He emerged into Gap Road and turned for Wimbledon Village. No point going home, he thought, and sitting there going round in bloody circles. Better head for Elys and a pot of tea and a teacake, and see if, in more convivial surroundings, he couldn’t cudgel his old wits into thinking of something he might do for them, some way he could help.
‘Gone?’ Dan said.
Alexa was ironing. From the playroom came the peaceable twittering of the twins, absorbed in some curious game of their own devising, which he’d seen as he passed the window on his way in, involving several cardboard boxes and a herd of soft toys. Apart from that, there was just the mild thump of the iron – on his shirts, he noticed – and the radio whispering away in the background, voices rising and falling with the faint artificiality of words spoken in drama rather than in real life.
‘When did he go?’
‘About an hour ago,’ Alexa said.
‘But why?’
She paused and put the iron down on the metal rack at the end of the ironing board. She said, folding in sleeves, ‘I think he felt he’d just got to stop licking his wounds here, and get on with facing how life looks as if it’s going to be.’
‘What did he say?’
‘Nothing much, really. Just that.’
Dan came over and stood behind her, looking down at his shirt, now a neat rectangle, collar buttoned. He said softly, ‘What did you say?’
She picked up the shirt and turned to add it to the pile on the table behind her.

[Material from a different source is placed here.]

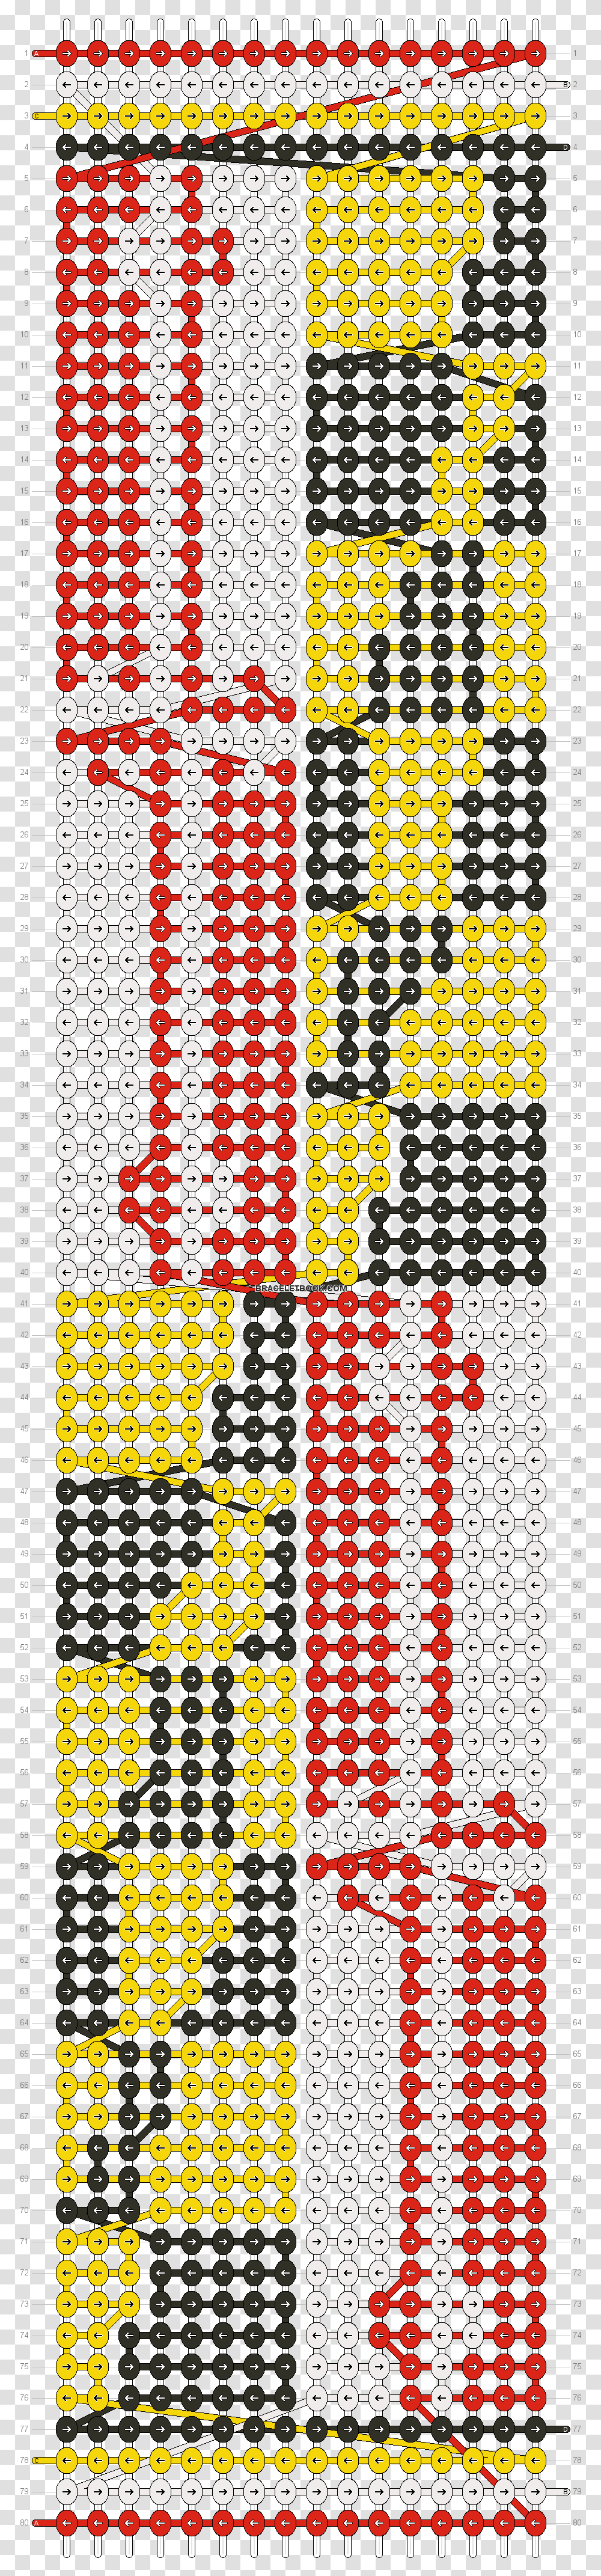 Alpha Pattern Illustration, Alphabet, Pac Man, Number Transparent Png

She said, ‘No big deal, Dan. Just – well, he was thanking me and I was saying that’s fine, which I meant, it was, and then he—’ She paused and looked at Dan. ‘He said that he’d be going anyway soon, because you were planning to take the twins and me off somewhere for a while. Are you?’
Dan shuffled a little. ‘I was thinking of it, yes.’
‘Thinking?’
‘Yes. I thought we needed to get out of here, all of us. We need to – have a change of scene. See and do something different. It’s so hard for you, having me come back into a life and a routine you’ve devised in order to cope with me not being here. I can see that. I just thought we could both do with being out of this context for a bit, even a few days, until we get our bearings again. That’s all.’

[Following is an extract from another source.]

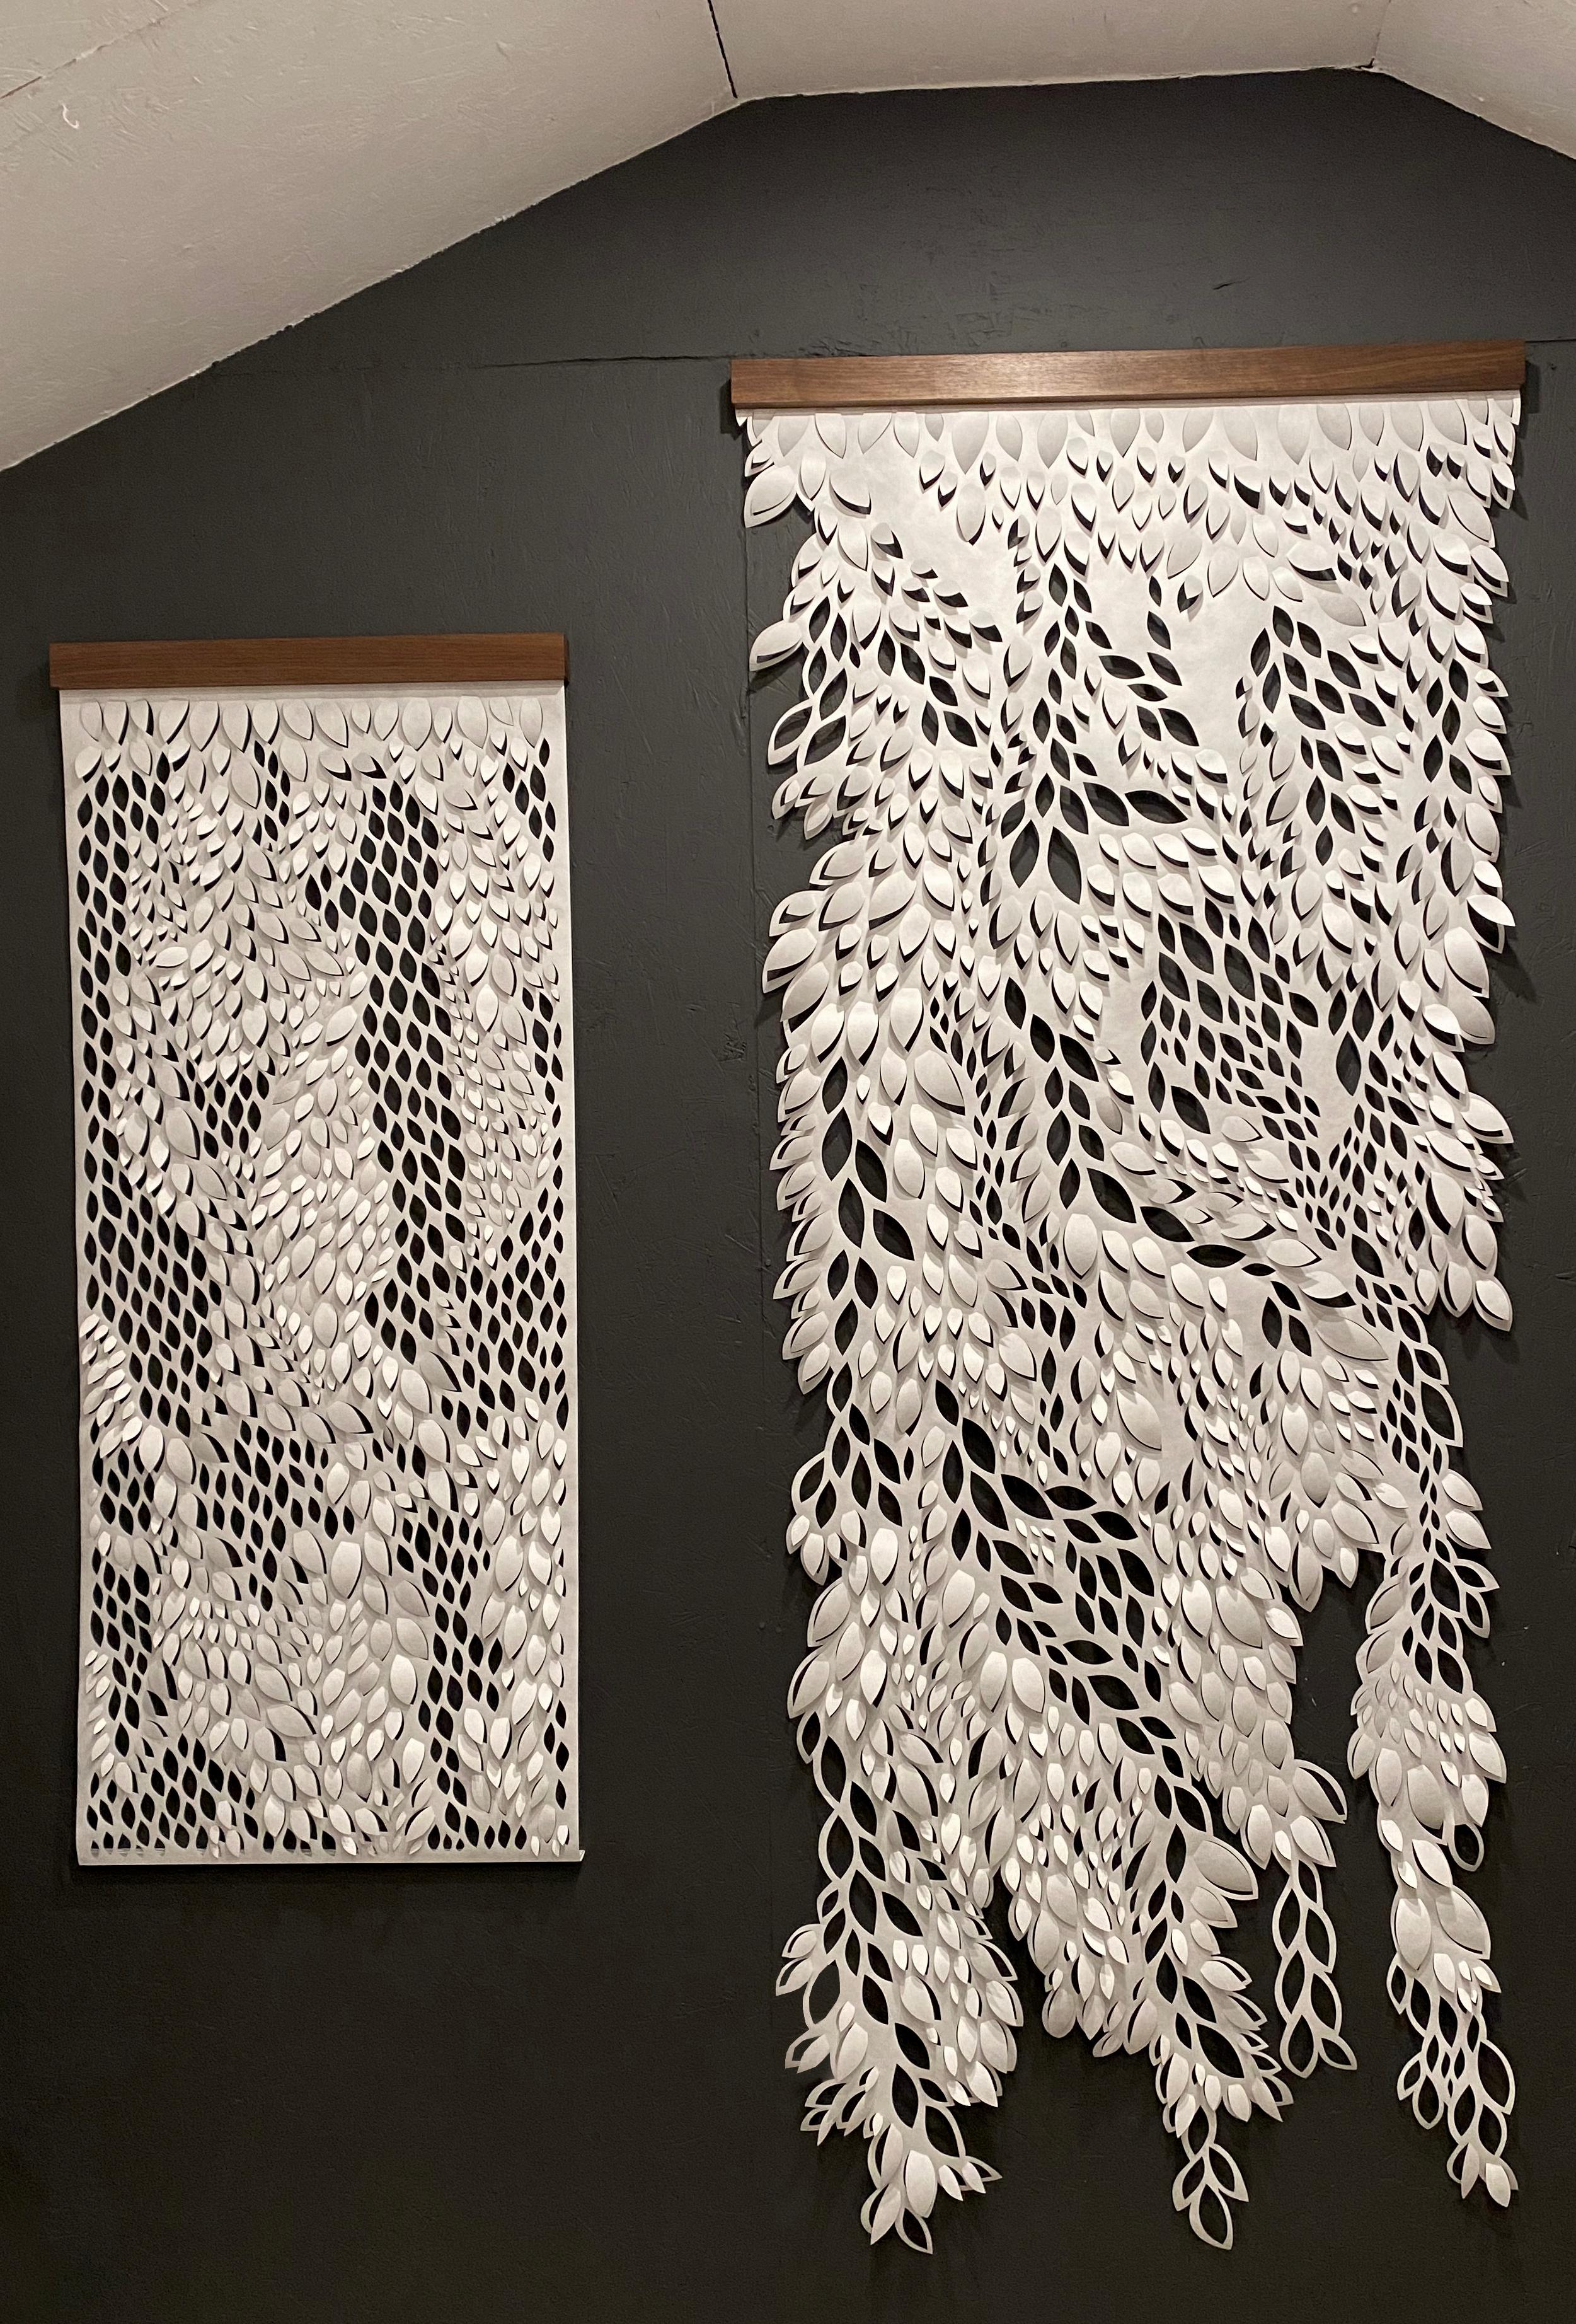 Hand-cut Paper Scroll, Sculptural Wall Hangings 60x36 - Sculpture by Summer J. Hart

Alexa turned back to the ironing board and spread out a pinafore dress of Flora’s. ‘Dan.’
‘Yes?’
‘Dan, I don’t want to rain on your parade, but, think.’
‘I have thought.’
‘No.’
/> ‘I have, I’ve told you, I’ve thought about what we can do to make the next few weeks an improvement, not just more of the same.’
Alexa banged the iron down. ‘No!’
Dan glanced towards the playroom. ‘Shh.’
‘No!’ Alexa said again, more vehemently. ‘You haven’t thought, have you? You haven’t thought that you haven’t seen your grandfather or my parents since you got back. You haven’t seen your father properly, either. And you haven’t thought, have you, that I can’t go off on any jolly hols, leaving Isabel in this state. And how was Isabel? How was she? You walk in here, and the first thing you do is not tell me about her but ask where Gus is. The first thing!’
Dan moved a step away. ‘She’s fine.’
‘I don’t believe you. She can’t be.’
‘Sweetheart, she’s fine. She was great in the car. She was very calm when we got there. I said my piece to Mrs Whatsit and she took it in. Isabel had made her point, and she’s fine.’
‘Making her point is only half the story!’
‘It’s in hand,’ Dan said. ‘Honestly it is. It’ll be different now. They’ll keep an eye on her.’
Alexa folded her arms. ‘God, Dan. Keeping an eye on her might help with the bullying but it won’t help with the homesickness, will it?’
In his basket, Beetle stirred uneasily and sat up. Tassy appeared in the doorway. ‘I need,’ she said commandingly, ‘lots of spoons.’
‘In a minute, darling.’
‘Lots,’ Tassy said. ‘For their supper.’
Dan crossed the kitchen and picked his daughter up. ‘Hey there, bombshell.’
Tassy ignored him. ‘Spoons!’
‘I can’t go anywhere,’ Alexa said, ‘till I’ve got some peace of mind. And I can’t begin to have that until I can believe Isabel has some solution ahead and you are even halfway back to Planet Normal.’
‘Spoons,’ Tassy said, less strenuously.
Alexa turned round so that she was facing Dan and Tassy.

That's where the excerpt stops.